Picosecond Laser Ultrasounds (PSLU)
for Studying Elastic Properties of
It is greatly interesting to measure the elastic constants of ultrathin films because of the extreme deformation condition. The elastic strain can reach as large as 0.01, which has never been achieved in a bulk material because of the movable dislocations. Therefore, accurate measurement of the elastic constants of ultrathin films gives the answer for the question, What happens in the elastic properties in ultrathin films.? The picosecond-laser ultrasounds makes this possible.
Irradiation of the film surface with an ultrafast light pulse (~100fs) excites electrons, and their energy is transformed into lattice vibrations during the diffusion of the electrons, leading to the thermal expansion and shrinkage. The ultrasonic plane waves are then generated and propagate along the film thickness direction, repeating reflections between the film surface and the film-substrate interface.

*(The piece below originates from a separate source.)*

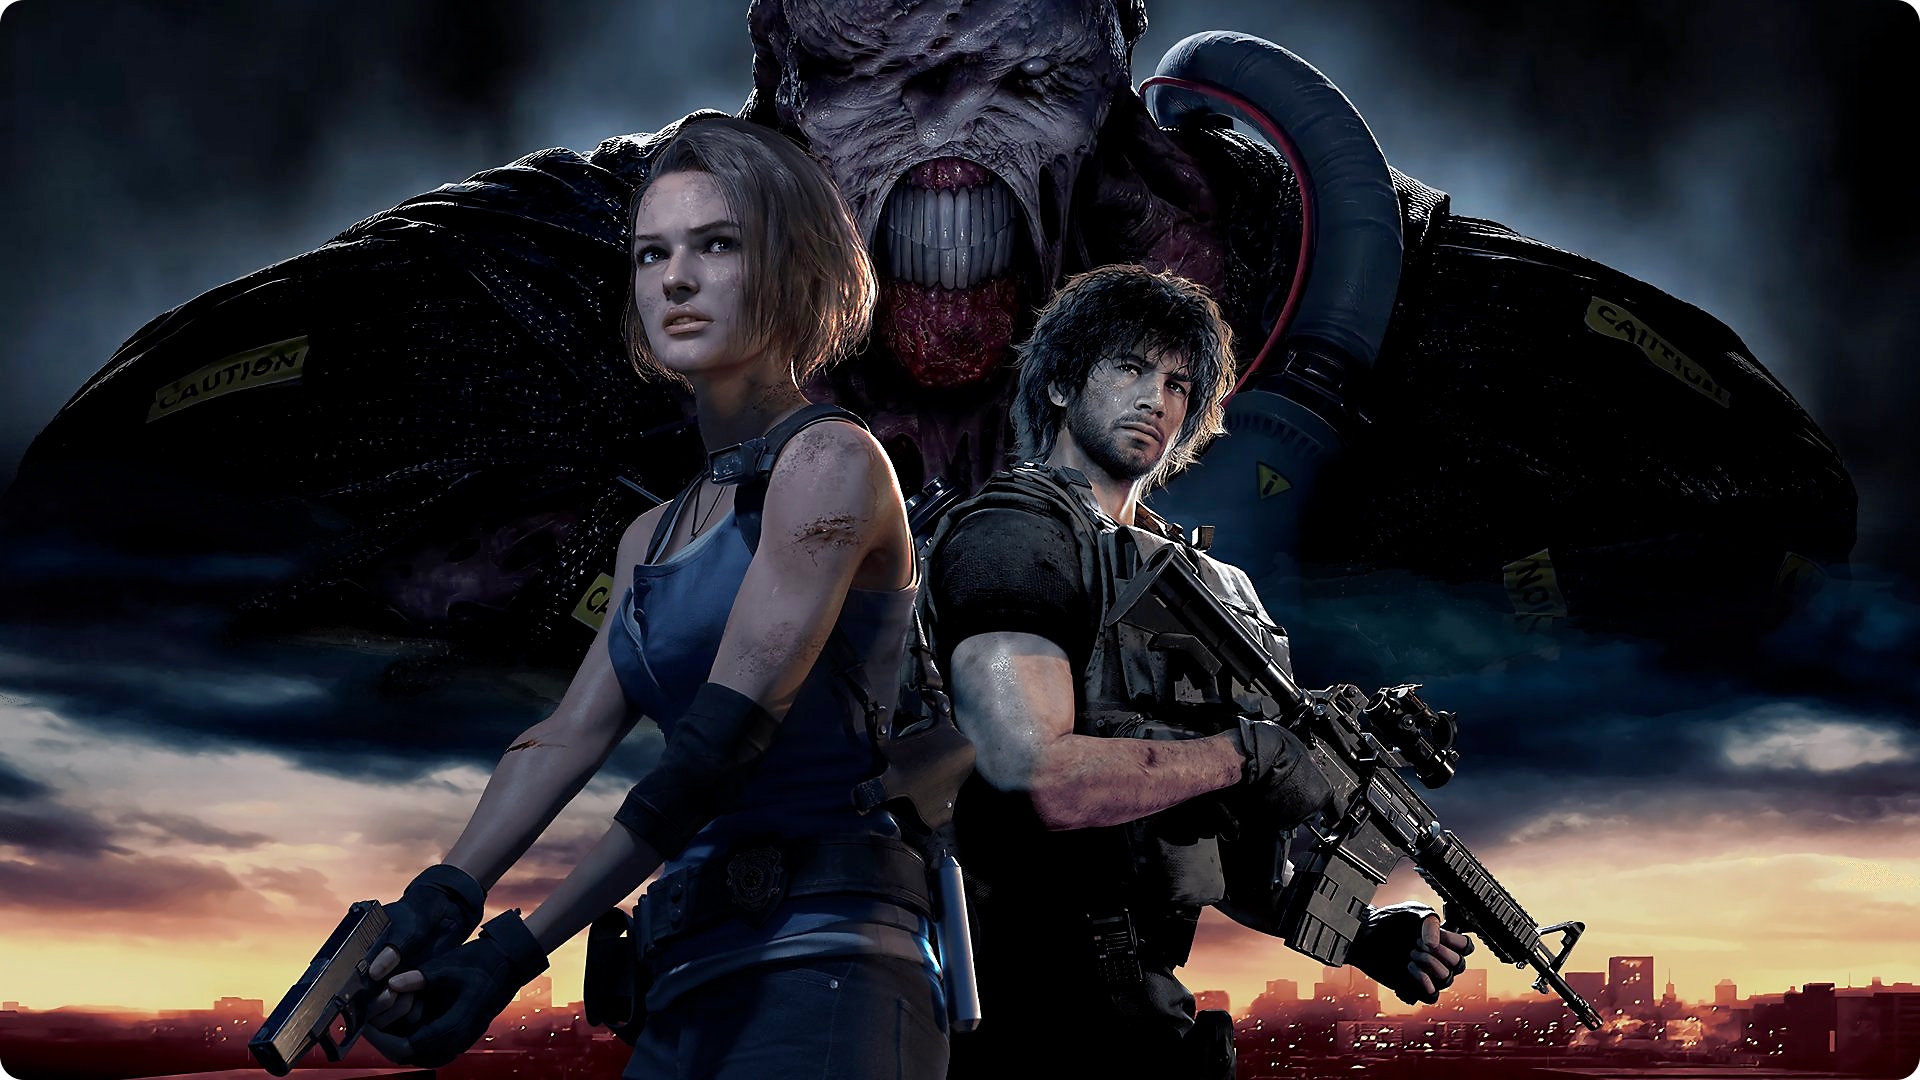 Resident Evil 3 – slikovno gradivo s prikazom glavnih likov Jill in Carlosa v ospredju in glavnega antagonista Nemesisa v ozadju.

Because the films thickness is accurately measured by the X-ray-total reflectivity measurement, we can determine the longitudinal-wave elastic constant, if we can detect the pulse-echo signals of the ultrasonic wave. However, this is quite difficult because the round-trip time is too short (picoseconds orders) to be measured by the conventional method.
But, picoseconds are not short time for lights. 1 ps allows propagation distance about 0.3mm for lights, while it allows only 5nm propagation distance for ultrasonics. Thus, using advanced light techniques, we can study the nanometer-order phenomena via millimeter-order measurements. This is the essence of the picosecond laser ultrasounds technique.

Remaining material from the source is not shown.